Christa Backmeroff si è accorta ad un certo punto che la conformazione del terreno tradiva l'esistenza di
una vecchia carbonaia. «È bastato scavare pochi centimetri sotto la cotica erbosa», racconta, «per trovare
centinaia di frammenti di carbone molto piccoli, tra il mezzo centimetro e i due centimetri. A quel punto mi è
venuta l'idea: perché non tentare di datarli per capire se potevano essere utili a risolvere il nostro giallo? Tutto
sommato sempre di legno si trattava, per quanto bruciato».
Nessuno al mondo aveva mai pensato prima di datare il carbone, e per un motivo molto semplice: su
frammenti così piccoli, in condizioni climatiche normali, ci possono essere due o tre anelli di accrescimento al
massimo, totalmente insufficienti per ricavare informazioni utili sull'età del legno. «Ma qui siamo in condizioni
estreme», continua la dendrocronologa, «l'accrescimento delle piante è lentissimo e in meno di due centimetri
ci possono essere anche cento anelli di accrescimento, quanto basta per arrivare ad ottenere un grafico
significativo». Una nuova tessera del mosaico. Bene, ma dove infilarla? «Ottenuta una nuova curva
dendrocronologica ricavata dai frammenti di carbone siamo andati all'Università di Zurigo, dove ne esiste una
che si spinge indietro di 1300 anni. E abbiamo capito tutto». Tutti i pezzi di carbone esaminati erano infatti
anteriori alla prima metà del Quattrocento e i più vecchi si spingevano fino a prima dell'anno Mille. «969 d.c.
per essere esatti, molto più vetusti dei larici presenti oggi e di cui ci stavamo interessando», precisa la
dendrocronologa tedesca.
La nuova datazione non era però ancora la soluzione del giallo. Restava da capire infatti perché tutti i
larici della Val Comasine fossero coetanei e perché non ci fossero alberi vivi più antichi. Alla fine di una lunga
serie di ricerche interdisciplinari tra scienza e storia, lo scenario è questo: «Qualcuno intorno al 1450 è venuto
quassù e ha tagliato tutto per fare carbone. Ha tagliato tutto meno pochi alberelli insignificanti, troppo giovani
per essere sfruttati.
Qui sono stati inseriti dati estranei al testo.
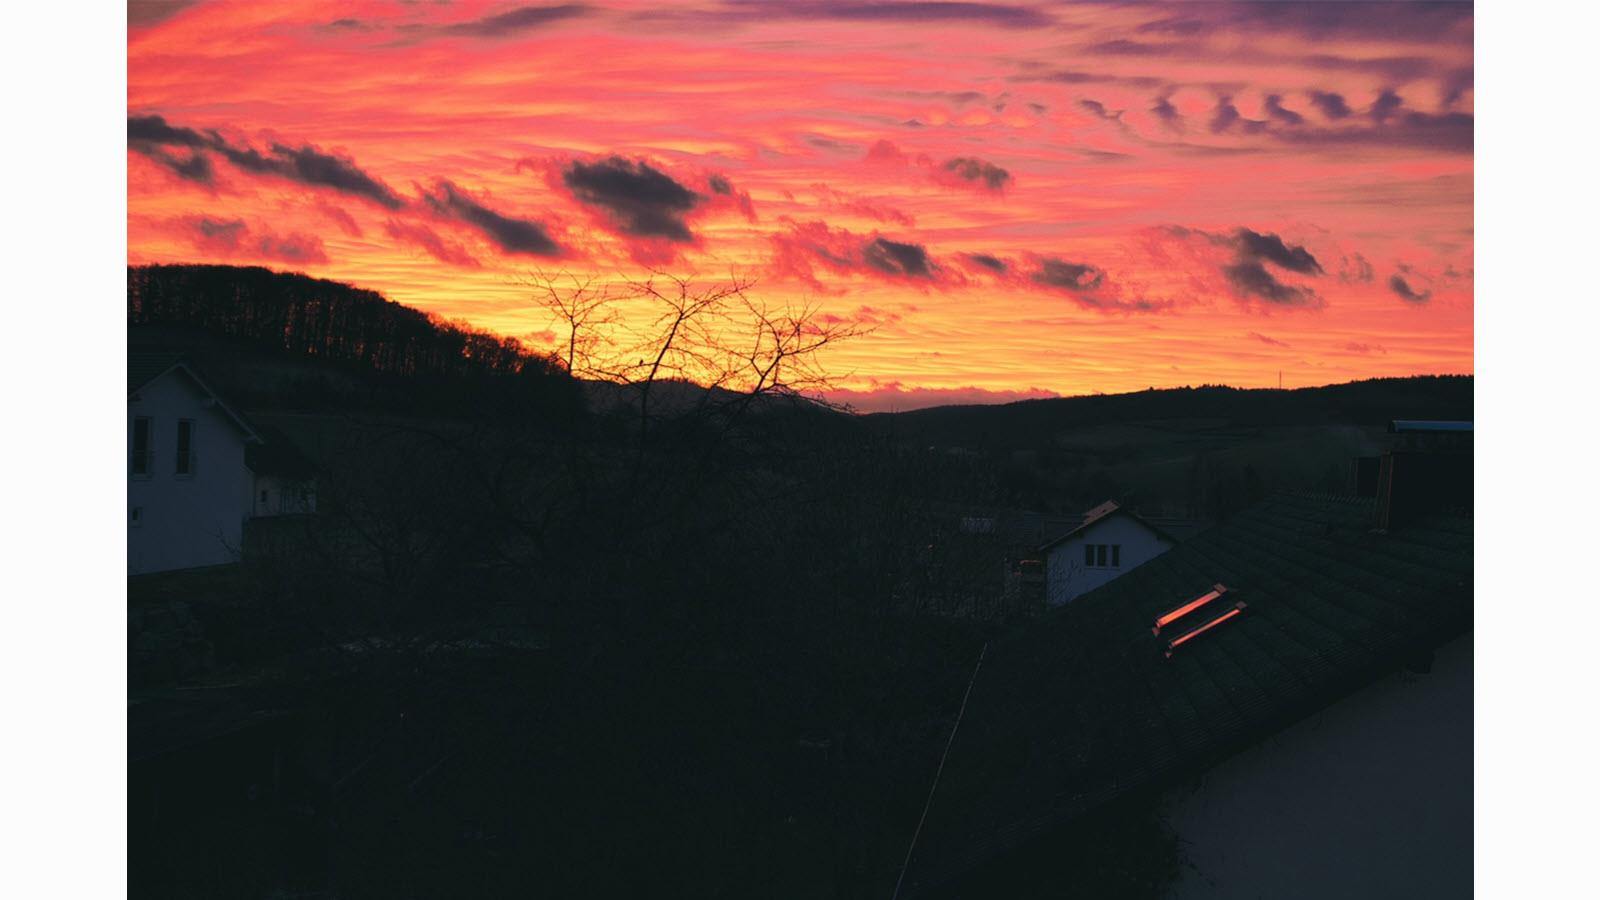 Orange and pink sunset over a mountain in Marburg, Germany

Quei pochi alberelli di allora sono i nostri patriarchi di oggi,e questo spiega perché abbiano
tutti grosso modo la stessa età». Ma perché i carbonai si sono spinti a 2200 metri di quota, a tredici chilometri
dal fondovalle, sobbarcandosi la fatica di fare ogni volta 1100 metri di dislivello su e giù con i sacchi di
carbone, senza neppure una mulattiera?
«Per disperazione», spiega Christa Backmeroff. «Per finire quassù a fare legna in quelle condizioni, è
evidente che la montagna dove era più accessibile e vicina ai centri abitati era già stata completamente
disboscata. Ipotesi confermata anche dalle ricerche che stiamo compiendo in tutta la Val di Peio, dentro e fuori
dal parco, e che ci dicono che qui nessun bosco ha più di cinquecento anni».
Il periodo del grande disboscamento coincide con il periodo di massimo fulgore delle miniere di ferro,
presenti in valle fin dall'Alto Medioevo. «Il carbone serviva per alimentare i forni», racconta la studiosa, «e da
quanto possiamo capire oggi fu la causa di un disastro ambientale. A un certo punto ne fu proibita la
produzione, spingendo l'attività estrattiva verso il declino». Troppo tardi per rimediare. «Nei secoli successivi»,
prosegue Backmeroff, «probabilmente l'area dei grandi larici è stata sfruttata intensamente come area di
pascolo. Questo spiegherebbe perché la nuova vegetazione sia tutta cresciuta negli ultimi 150 anni. Ci sono
voluti l'abbandono della montagna e il riscaldamento globale per far ripartire la macchina della rinnovazione
vegetale. Niente più carbone, niente più brucamento, temperature più miti. La formula magica è questa». Un
ambiente in continua trasformazione.